Some qualitative results comparing no adaptation, classic unsupervised domain adaptation, one-shot unsupervised domain adaptation, test-time unsupervised domain adaptation, and the hypothetical gold-standard using supervised learning. Red denotes the ground-truth annotation, true positives are shown in green, false negatives are in yellow and false positives are in blue. (Color figure online)

4 Discussion

The results in Table 1 show a clear ordering with Supervised as the best performing method, as expected, followed by test-time UDA, one-shot UDA, classic UDA and finally no adaptation. These results reveal that learning enough information about a domain shift, i.e. Classic UDA, is not enough to get the best performance on each test subject in the target domain. By domain-adapting to each test subject, we are adapting to the subjects individual anatomical and pathological presentation. It is also worth mentioning that our One-shot unsupervised domain adaptation achieved a dice of 0.60 on the ISBI training set which is comparable to the 0.58 reported on the ISBI holdout set in [18] despite not using a single label from ISBI. Results in Table 2 show the performance of Test-time UDA against a Supervised baseline, Classic UDA and One-shot UDA. Classic UDA outperformed One-shot, but test-time UDA was best of all. Future work will include experiments on brain tumour segmentation and compare additional UDA methods in the Classic, One-shot and Test-time settings.
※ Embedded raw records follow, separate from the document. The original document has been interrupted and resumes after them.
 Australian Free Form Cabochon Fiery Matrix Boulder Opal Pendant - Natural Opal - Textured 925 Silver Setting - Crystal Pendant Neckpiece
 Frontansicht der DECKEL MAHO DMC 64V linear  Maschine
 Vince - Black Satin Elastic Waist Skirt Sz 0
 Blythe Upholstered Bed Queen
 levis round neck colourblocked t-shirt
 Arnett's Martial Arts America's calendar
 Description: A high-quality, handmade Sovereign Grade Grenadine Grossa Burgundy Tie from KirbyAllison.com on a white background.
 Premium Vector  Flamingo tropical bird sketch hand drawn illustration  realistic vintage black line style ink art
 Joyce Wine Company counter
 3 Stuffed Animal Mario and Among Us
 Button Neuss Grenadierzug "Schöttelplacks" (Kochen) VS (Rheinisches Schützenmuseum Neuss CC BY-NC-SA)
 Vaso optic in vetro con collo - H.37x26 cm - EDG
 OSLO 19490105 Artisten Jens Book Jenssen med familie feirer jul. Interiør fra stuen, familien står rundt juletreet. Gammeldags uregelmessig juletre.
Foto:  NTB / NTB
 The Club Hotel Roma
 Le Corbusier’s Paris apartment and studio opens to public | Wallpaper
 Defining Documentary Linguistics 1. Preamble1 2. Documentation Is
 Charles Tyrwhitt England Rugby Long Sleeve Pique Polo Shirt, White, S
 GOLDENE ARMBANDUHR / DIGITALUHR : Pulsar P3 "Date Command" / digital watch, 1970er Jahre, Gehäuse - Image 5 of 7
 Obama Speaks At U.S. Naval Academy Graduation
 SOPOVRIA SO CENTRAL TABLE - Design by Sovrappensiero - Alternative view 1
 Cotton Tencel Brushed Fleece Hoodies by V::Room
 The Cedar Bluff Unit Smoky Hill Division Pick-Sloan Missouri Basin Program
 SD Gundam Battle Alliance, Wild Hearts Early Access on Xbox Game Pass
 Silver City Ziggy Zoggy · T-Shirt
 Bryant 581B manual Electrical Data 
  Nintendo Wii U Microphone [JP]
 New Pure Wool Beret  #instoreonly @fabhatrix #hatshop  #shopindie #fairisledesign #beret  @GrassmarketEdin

Table 2. Results from the ISBI 2015 holdout set hosted at https://smart-stats-tools.org/lesion-challenge. We ran our three UDA methods on the first timepoint of each of the 14 test subjects. Note that one of the limitations of this form of validation is the low inter-rater disagreement reported in Carass et al. The same ranking scheme was used as in the training set, however the symmetric distance was used instead of the Hausdorff. The Classic UDA outperformed One-shot but test-time UDA was best of all.

5 Conclusion

Existing approaches to unsupervised domain adaptation in medical image segmentation adapt to subjects in a target domain. The performance of these algorithms is then measured based on how well they generalise to unseen subjects in this target domain. When looking through scans in a hospital PACS system there is a large amount of heterogeneity in acquisition parameters. As an example, at our local hospital (anonymous), we found more than 1400 different brain MRI sequences being used. We can thus think of each of these scans as its own domain, which motivates what we call “test-time unsupervised domain adaptation”. Note that this is not an algorithmic modification, but simply a training and testing framework, where a domain adaptation algorithm is trained and evaluated on the same target data. We perform experiments using a modern domain adaptation technique which combines the benefits of domain adversarial learning and consistency regularisation. Our experiments on multiple sclerosis lesions suggest that using domain adaptation on a single subject can be more effective than classic domain adaptation on more subjects.